> WHAT YOU HAVE TO DO
The lines below, from the one containing "Deux amis fille" through the one containing "Wohnbeispiele wohnzimmer altbau", should be set down exactly, with no pictures and nothing else.

> SUPPLIED ENTRIES
+===+
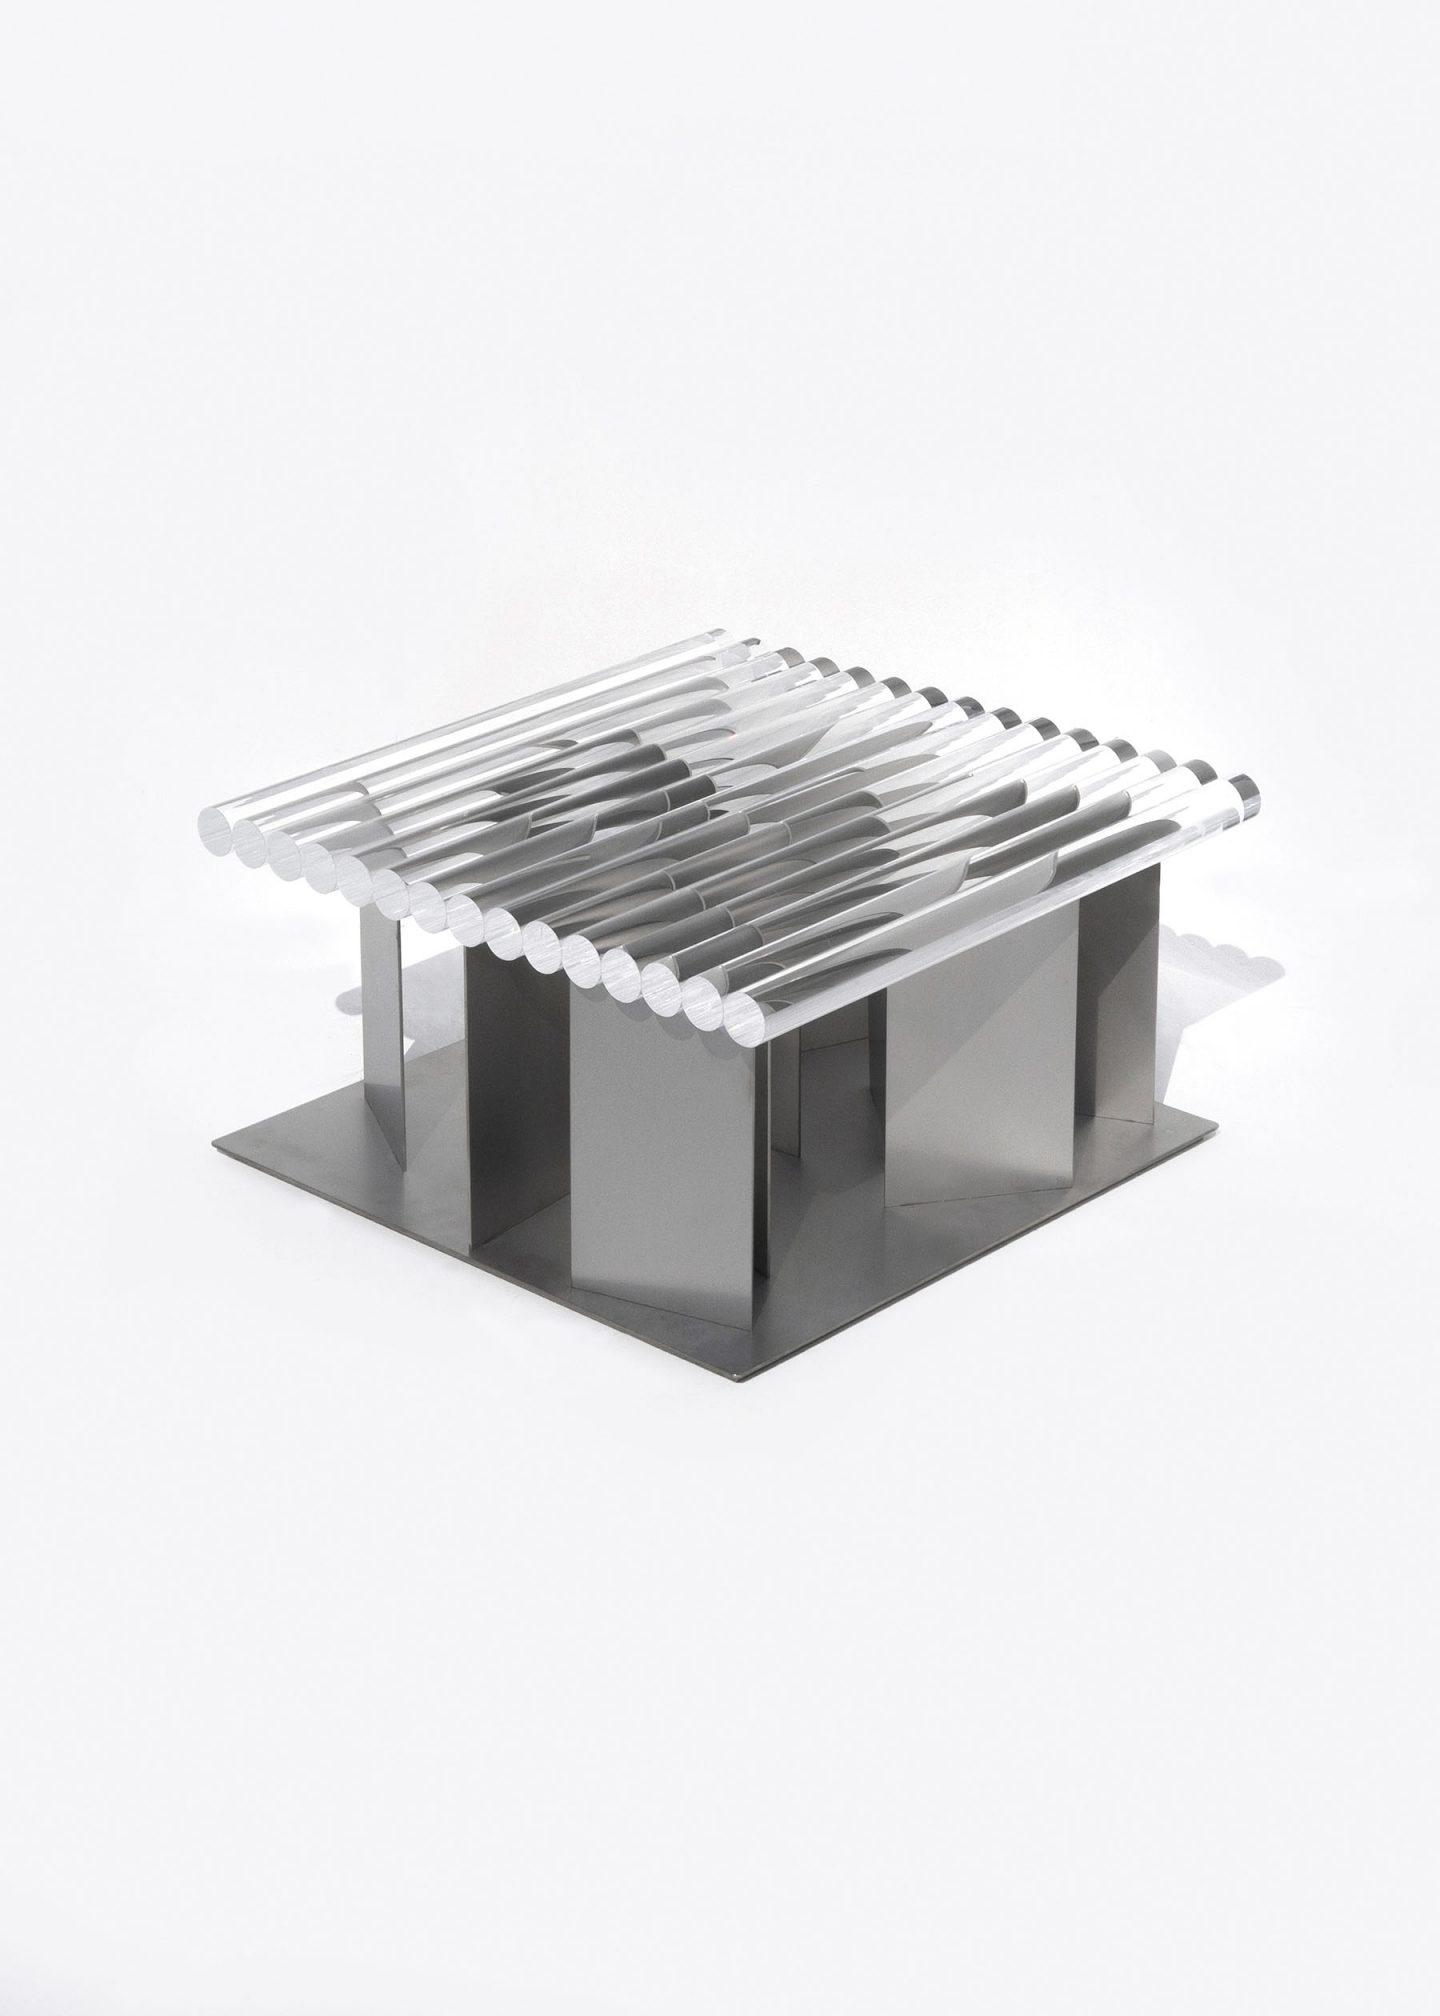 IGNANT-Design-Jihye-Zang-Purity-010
+===+
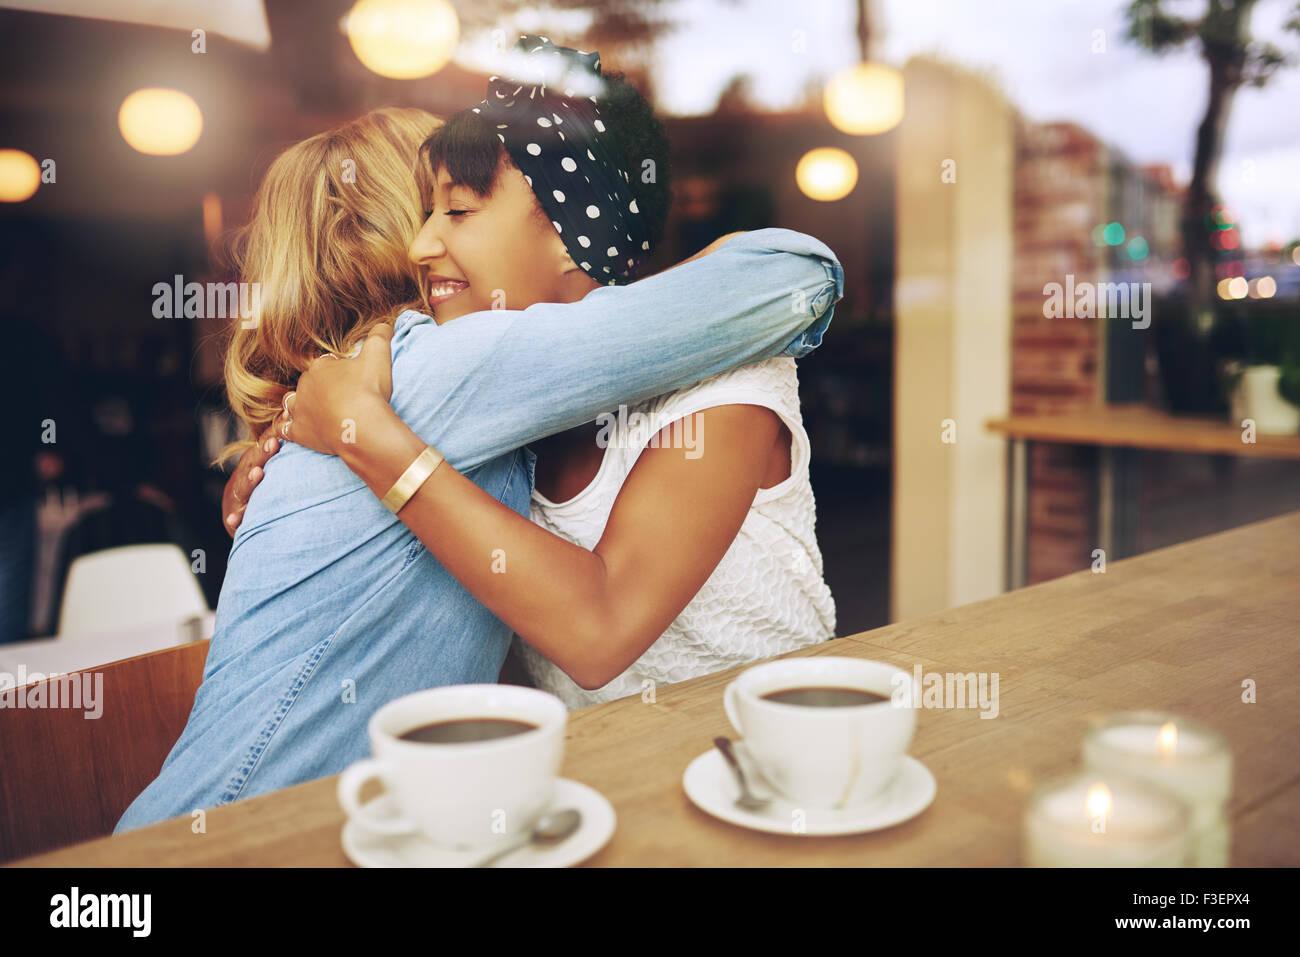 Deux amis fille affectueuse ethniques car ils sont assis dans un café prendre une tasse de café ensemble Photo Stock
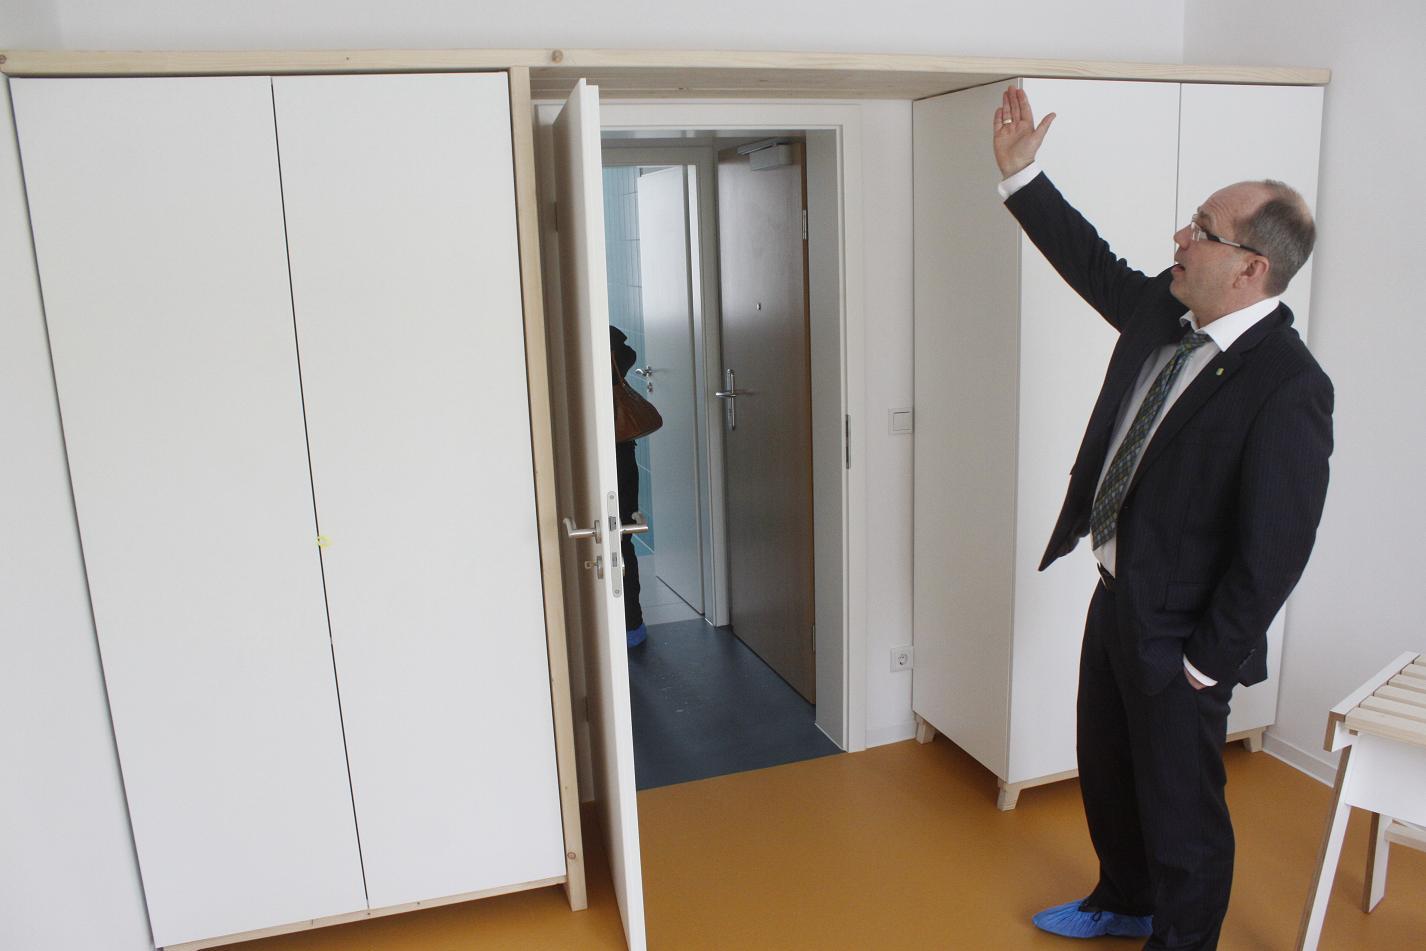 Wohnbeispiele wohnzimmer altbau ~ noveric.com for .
+===+
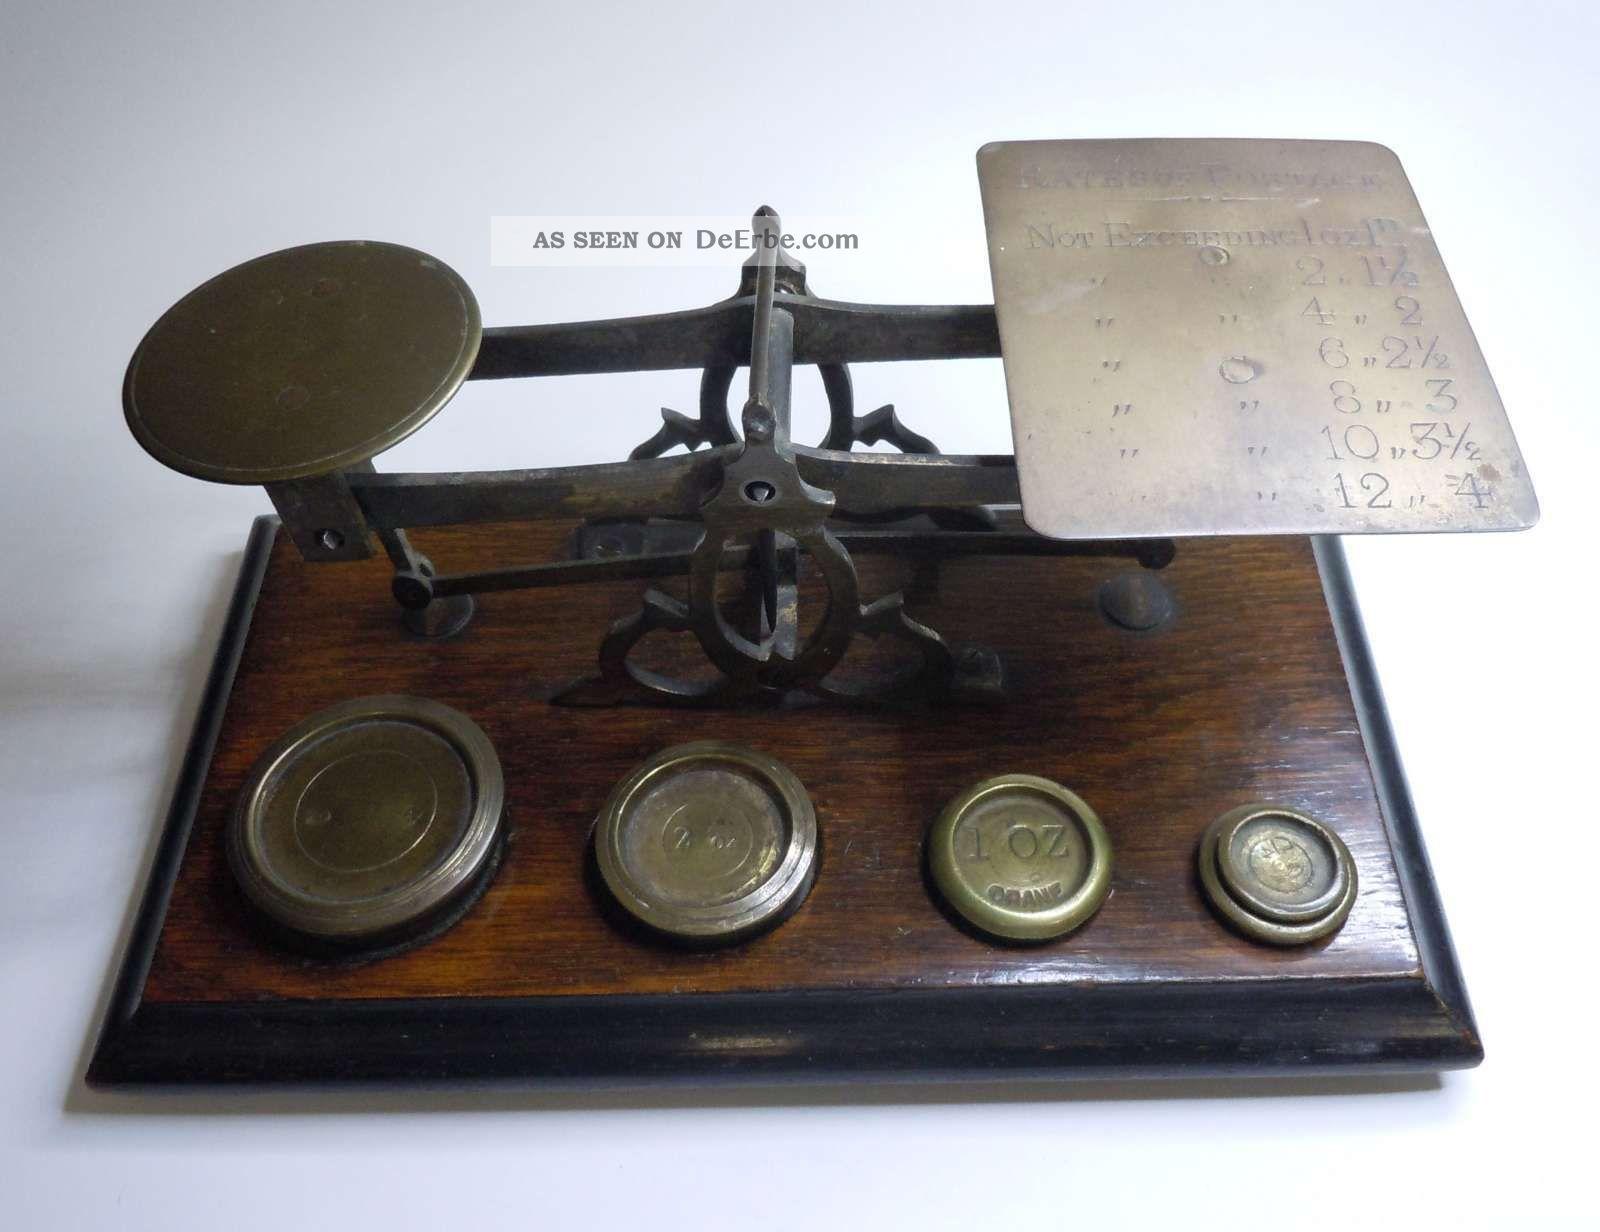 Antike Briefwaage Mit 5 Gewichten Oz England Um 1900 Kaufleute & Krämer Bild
+===+
> TASK SOLUTION
 Deux amis fille affectueuse ethniques car ils sont assis dans un café prendre une tasse de café ensemble Photo Stock
 Wohnbeispiele wohnzimmer altbau ~ noveric.com for .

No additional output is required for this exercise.